TDP looks like it's best suited for processing animal fats and slaughterhouse waste, vegetable fats and waxes, plastic, rubber and other waste polymers; the lack of thermal (e.g. solar) energy inputs to the conversion process plus the low efficiency of internal combustion engines limits the amount of useful energy you can get out of a given amount of biomass.  The biomass pyrolysis / zinc reduction process is better suited to energy production (the solar thermal input yields a substantial boost in the energy yield), and the pyrolysis off-gas might be suitable for fermentation to alcohols, organic acids and ketones with something like Clostridium (though this looks speculative at this time).

They probably all have their place.
 
Scott wrote:

"First, reduction of unrecycled waste. Landfills are a hot political issue and any simple, large-scale process for reducing landfill needs would get immediate attention. In Southern California, R.E.N.E.W. L.A. is a detailed plan to reduce landfill needs by 75-85% through, primarily, gasification and pyrolysis. The political will, environmentalist and public acceptance is growing rapidly, particularly in light of Katrina and gas price inflation."
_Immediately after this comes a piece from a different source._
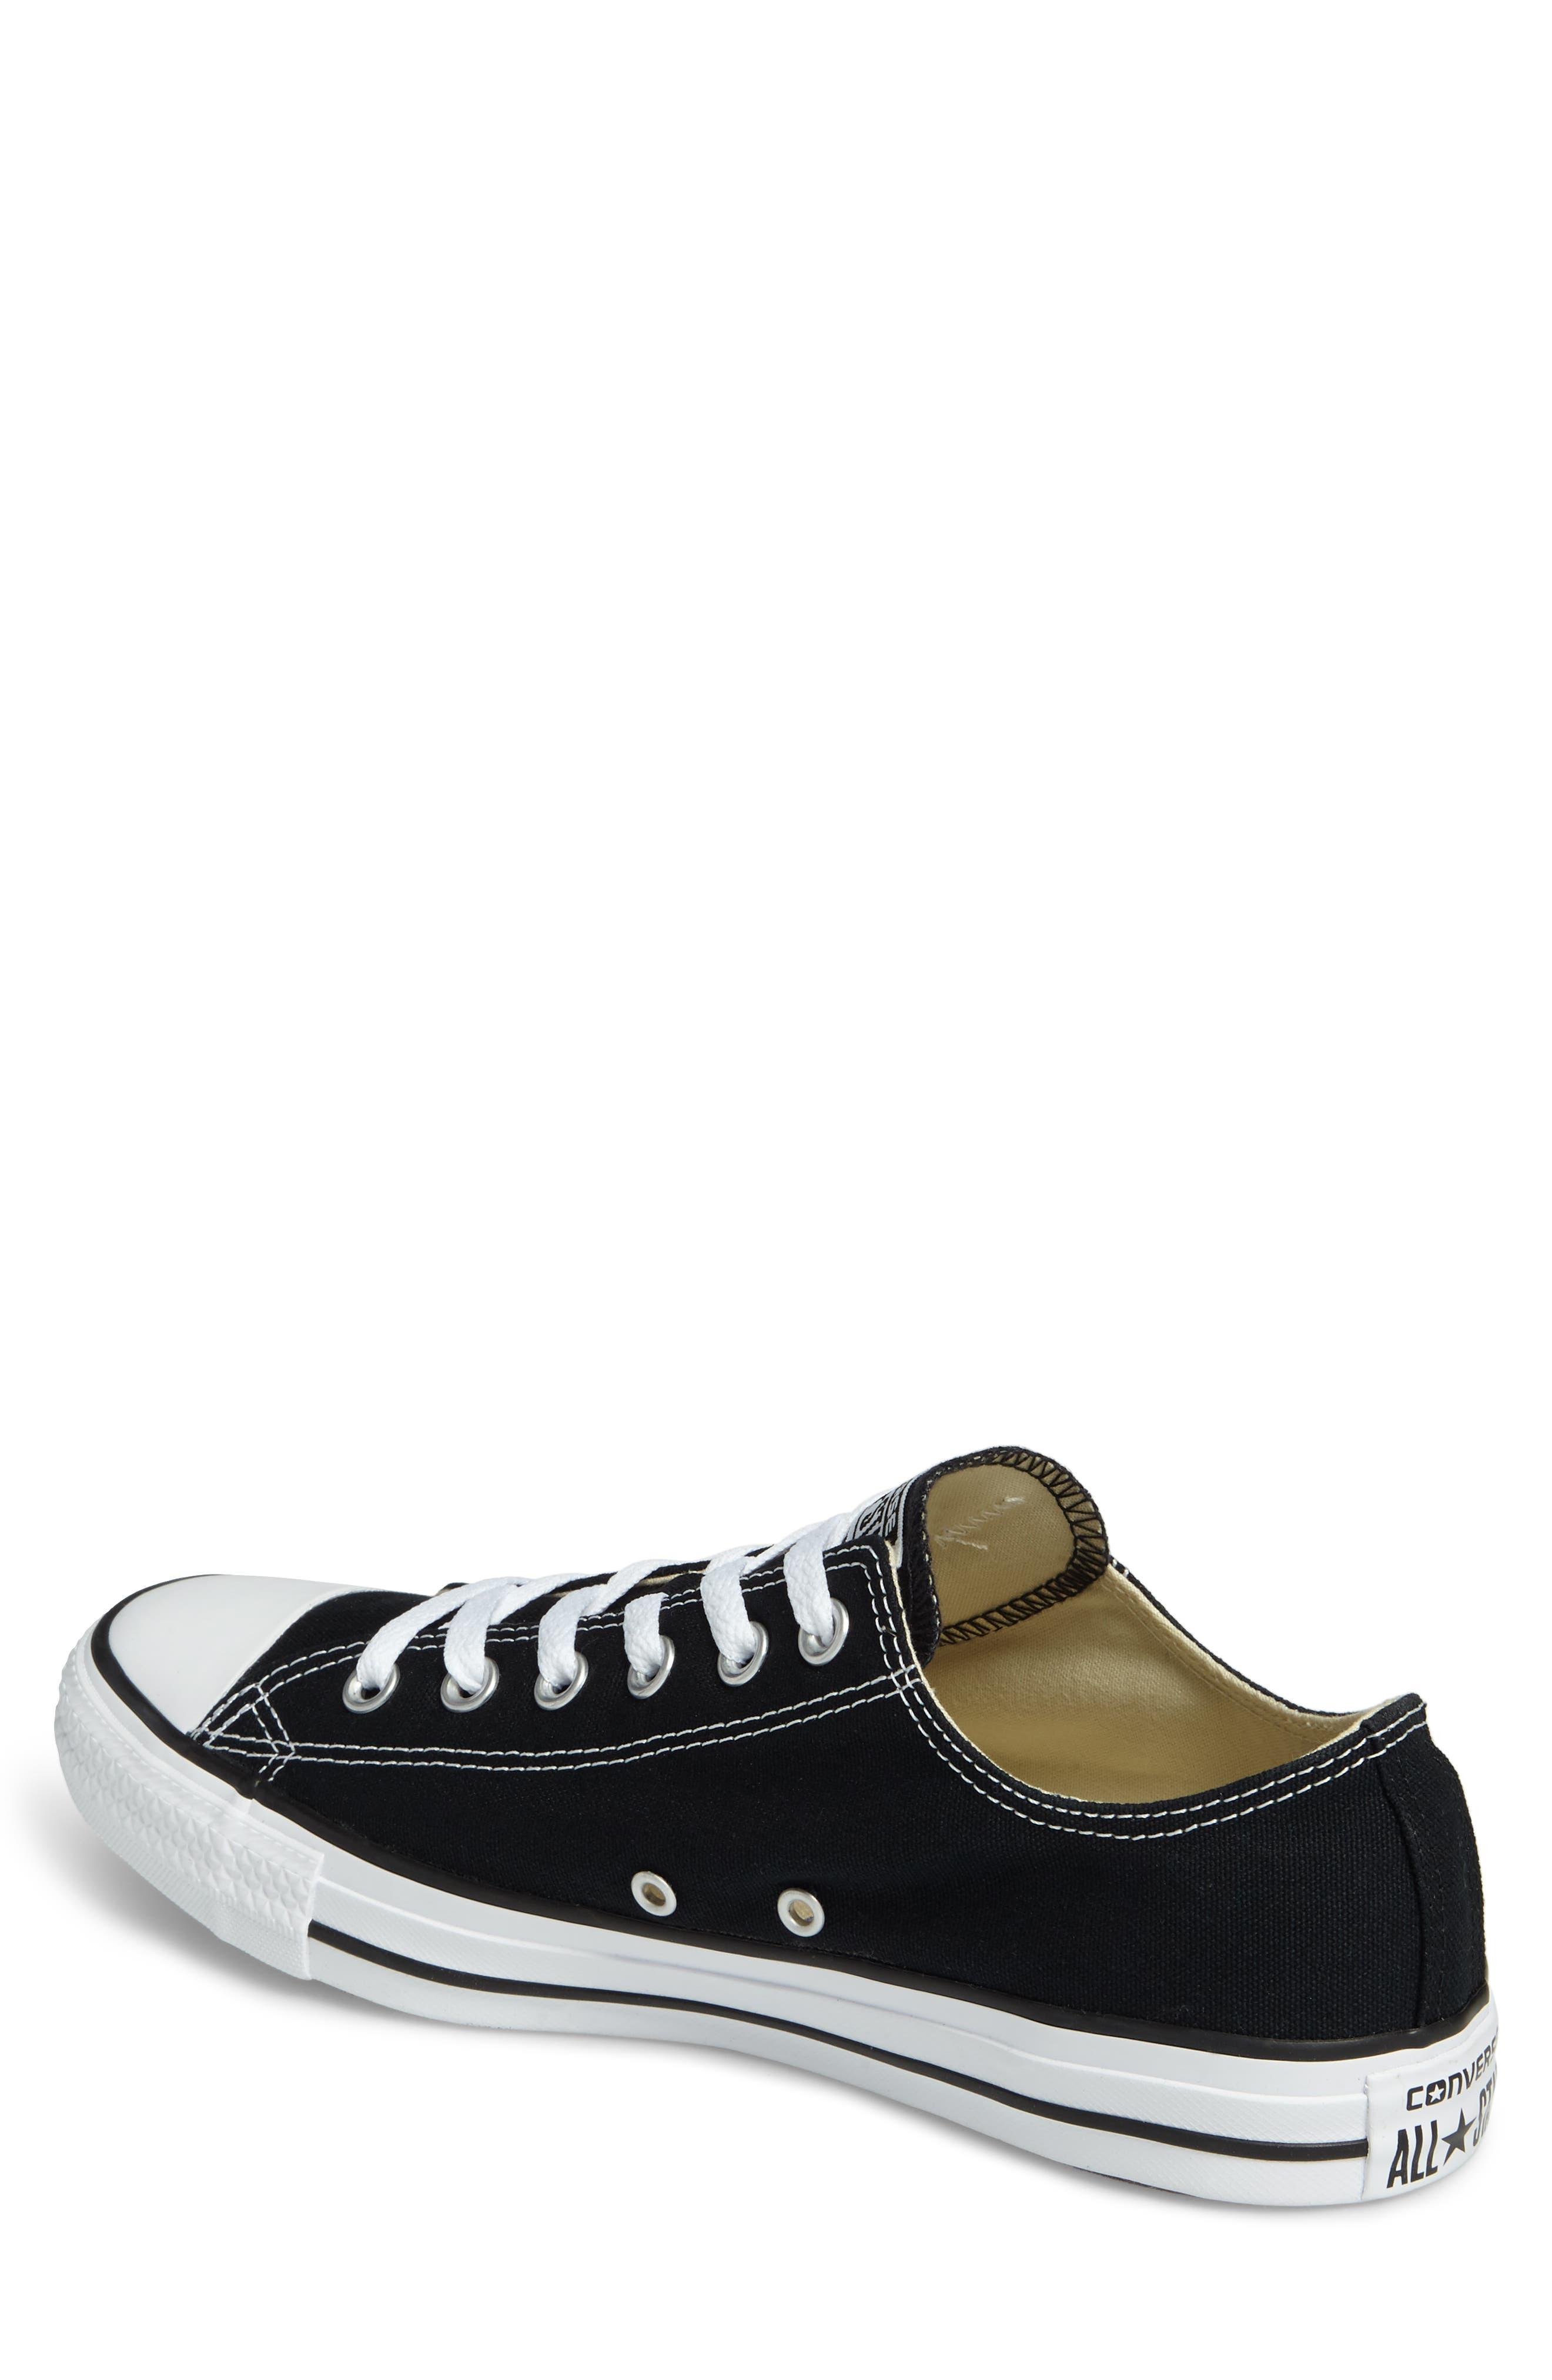 CONVERSE, Chuck Taylor<sup>®</sup> Low Sneaker, Alternate thumbnail 2, color, BLACK

Is this a real issue in the US? From what I gather, very few communities really have a problem with landfills. Even heavily urbanized centers can ship their garbage elsewhere and despite the real estate boom, there is plenty of cheap land out there. Also, most recycling schemes don't seem that useful. For example, why recycle glass when new glass isn't that hard to make?

The only ones as far as I know that are really compelling is aluminum recycling, scrap metal recycling (with the recent increase in metal prices), and toxic materials recycling (eg, lead recycling to avoid regulatory problems). Perhaps paper recycling has reached a useful level, but I still see a premium on paper goods with a high level of recycling.

My point here is that waste disposal came about in the first place because it was cheap and it worked and second because new commodity prices were cheap.

But even in a "peak oil" scenario, I don't see that farm waste will automatically become valuable. We may just find cheaper alternatives than recycling waste.
 
On my end of things I don't need small diameter and poor quality/unfavored species biomass to become valuable. Just being able to remove significant quantities in a revenue-neutral way would be a huge step forward.

Agriculture may be different. A lot of low-value products such as dry corn stalks and straw can currently be used as maintenance feed for livestock - uses which would compete with biofuel.

Incidentally, I wonder if anyone in this country is looking at this process. One of my local chambers of commerce is all excited because they shipped a container-load of pinyon-juniper material to Ireland for testing with some new enzymes recently developed there for ethanol production. They were given some really optimistic numbers for the amount of fuel that could be generated from a dry ton of chips. I wish I had the numbers they quoted.

Anyway, I wonder if anyone at the Forest Service's Forest Products Lab in Madison, WI has looked into this. They are doing a lot of work with trying to find uses for thinnings and other unmarketable forest products.
 
That site does not allow comments, but the piece was cited on another one which does.  My comments are there, and will probably be copied here eventually.